A. Govindamoorthy is an Indian film director and actor who has worked on Tamil films. After making his debut with Karuppusamy Kuththagaithaarar (2007), he has gone on to make Vedigundu Murugesan (2009) and Pappali (2014).

==Career==
Govindamoorthy dropped out of engineering college after being unable to finance his studies during his third semester and then began reading Vairamuthu's "Sirpi, Unnai Sethukugiraen", which inspired him to become a film maker. After assisting Ezhil and Chimbu Deven, Govindamoorthy then began his film career by directing Karuppusamy Kuththagaithaarar (2007) starring Karan and Meenakshi, and then went on to make Vedigundu Murugesan (2009) with Pasupathy.

In 2013, Govindamurthy approached producer Ambeth Kumar with a script of Pappali (2014), who readily agreed to produce the venture after listening to his narration. He revealed that the team signed on Senthil Kumar and Ishara Nair to work on the film, as the team could not afford bigger stars and could not afford to wait for their dates. The film was released on 2014 went unnoticed and received poor reviews with a critic from Sify.com noting that the film "is a crude and crass comedy laced with sentiments", adding the "film lacks technical finesse and is difficult to sit through".

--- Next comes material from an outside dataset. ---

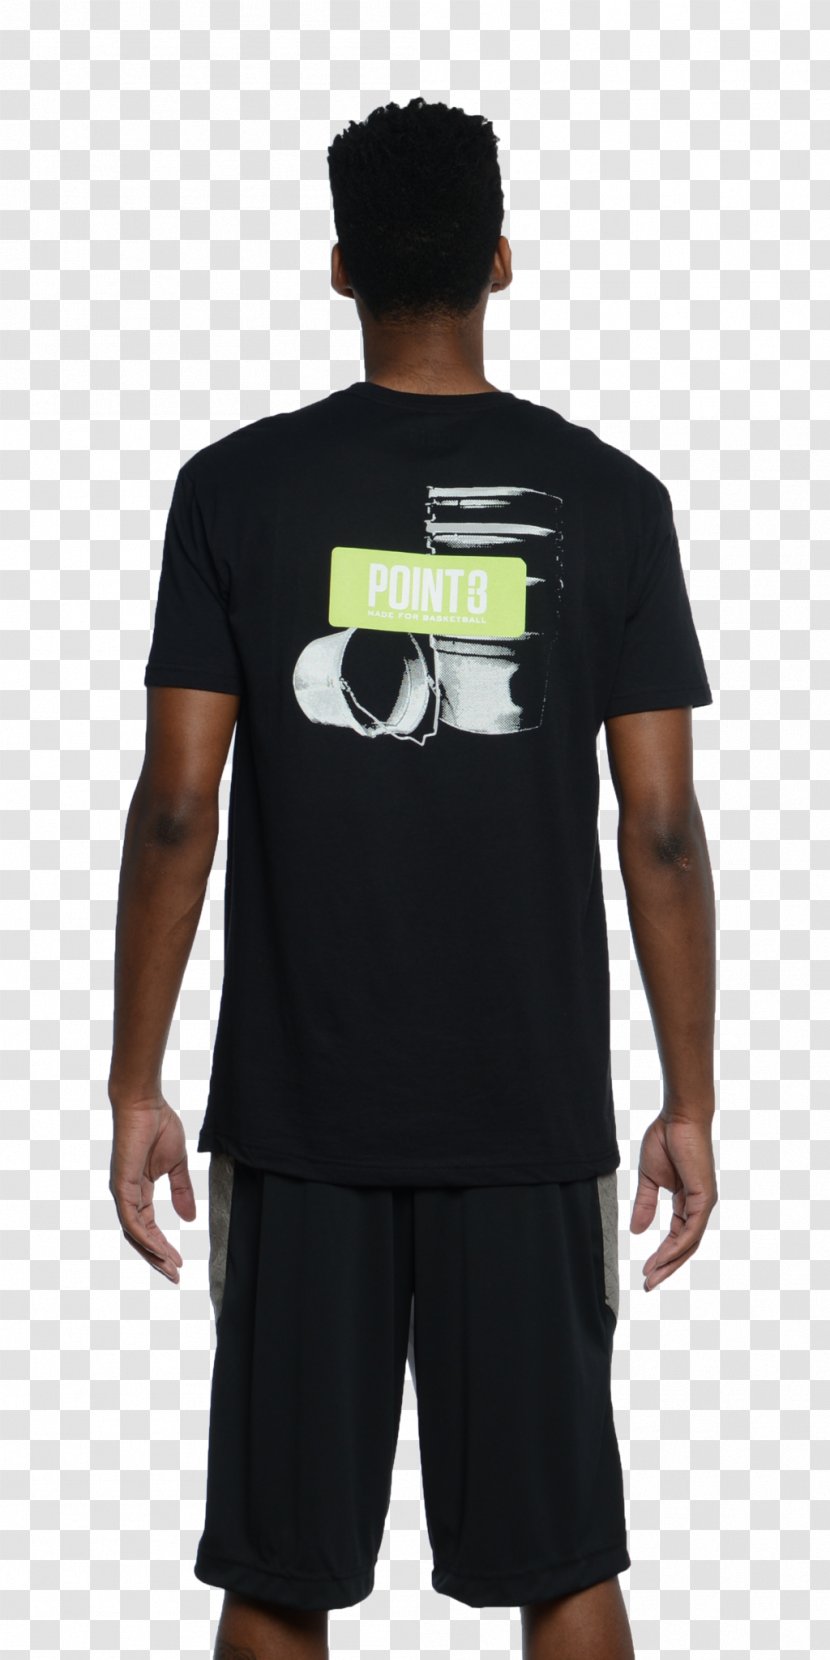 T-shirt Shoulder Sleeve Pocket Product Transparent PNG

He debuted as an actor with Marina (2012) and went on to act in many films including Pichaikaaran (2016). Henceforth, he was mostly credited as Pichaikkaran Moorthy or simply Moorthy while acting in films.

==Filmography==
- Director

| Year | Film | Notes |
|---|---|---|
| 2007 | Karuppusamy Kuththagaithaarar |  |
| 2009 | Vedigundu Murugesan |  |
| 2014 | Pappali |  |

- Actor

- Marina (2012)
- Pichaikkaran (2016)
- Thondan (2017)
- Kolanji (2017)
- Raatchasi (2019)
- Naadodigal 2 (2020)
- Eeswaran (2021)
- Yugi (2022)
- Harkara (2023)
- Fight Club (2023)
- Maharaja (2024)
- Rajakili (2024)
- Thiru. Manickam (2024)
- Kuzhanthaigal Munnetra Kazhagam (2025)
- Lucky The Superstar (2026)
- Nooru Saami (2026)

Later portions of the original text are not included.